Hi. So I'm pretty new to the forums and I just wanted to know if there's a chatroom or IRC for the CWCKIforums as a whole. Like, I know about #Sonichu but is that for the whole site or just CWC? Thanks, and sorry if this is misplaced.


----------



## That's Our Lolcow (Jan 30, 2015)

there's a chat at the bottom of the forum but i think you have to have a specific number of posts to access it


----------



## Sigyn (Jan 30, 2015)

That's Our Lolcow said:


> there's a chat at the bottom of the forum but i think you have to have a specific number of posts to access it


Oh thanks friend. I feel dumb now, haha. I'll check it out.


----------



## Sigyn (Jan 31, 2015)

Would anyone happen to know the posts # requirement? Thanks, and sorry for being a noob.


----------



## Null (Jan 31, 2015)

Sigyn said:


> Would anyone happen to know the posts # requirement?
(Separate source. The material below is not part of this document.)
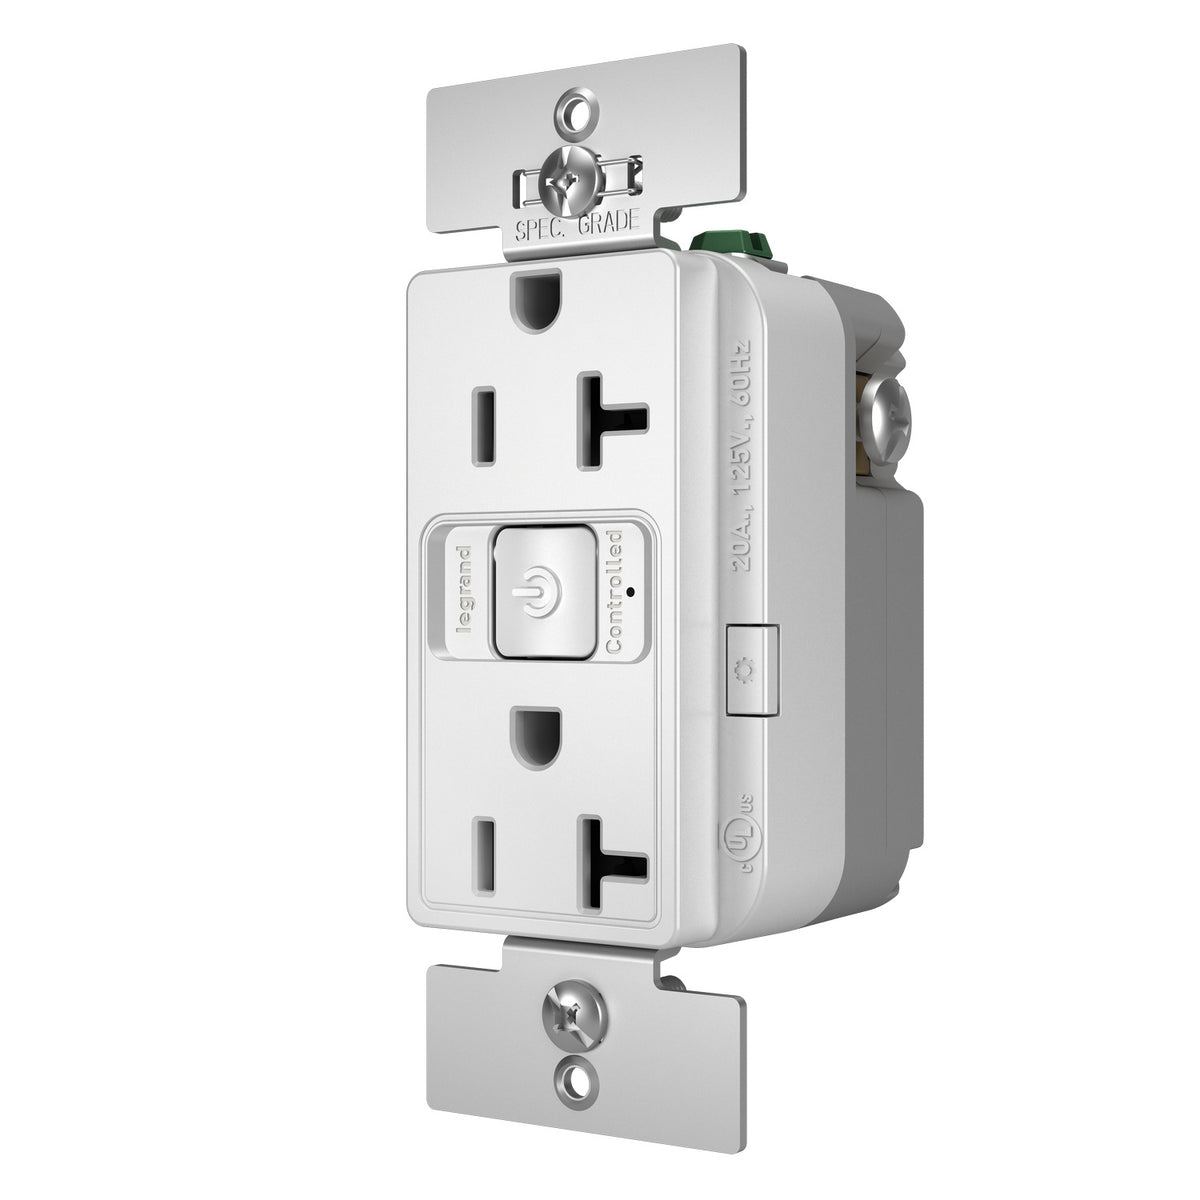 Legrand Canada - WNRR20WH - 20A Outlet - White

Thanks, and sorry for being a noob.


I've given you access manually because you should be well beyond that point.


----------



## Sigyn (Jan 31, 2015)

Null said:


> I've given you access manually because you should be well beyond that point.


Thanks, Null!


----------



## MrFloppy (Feb 25, 2015)

#sonichu. it's not just chris talk


----------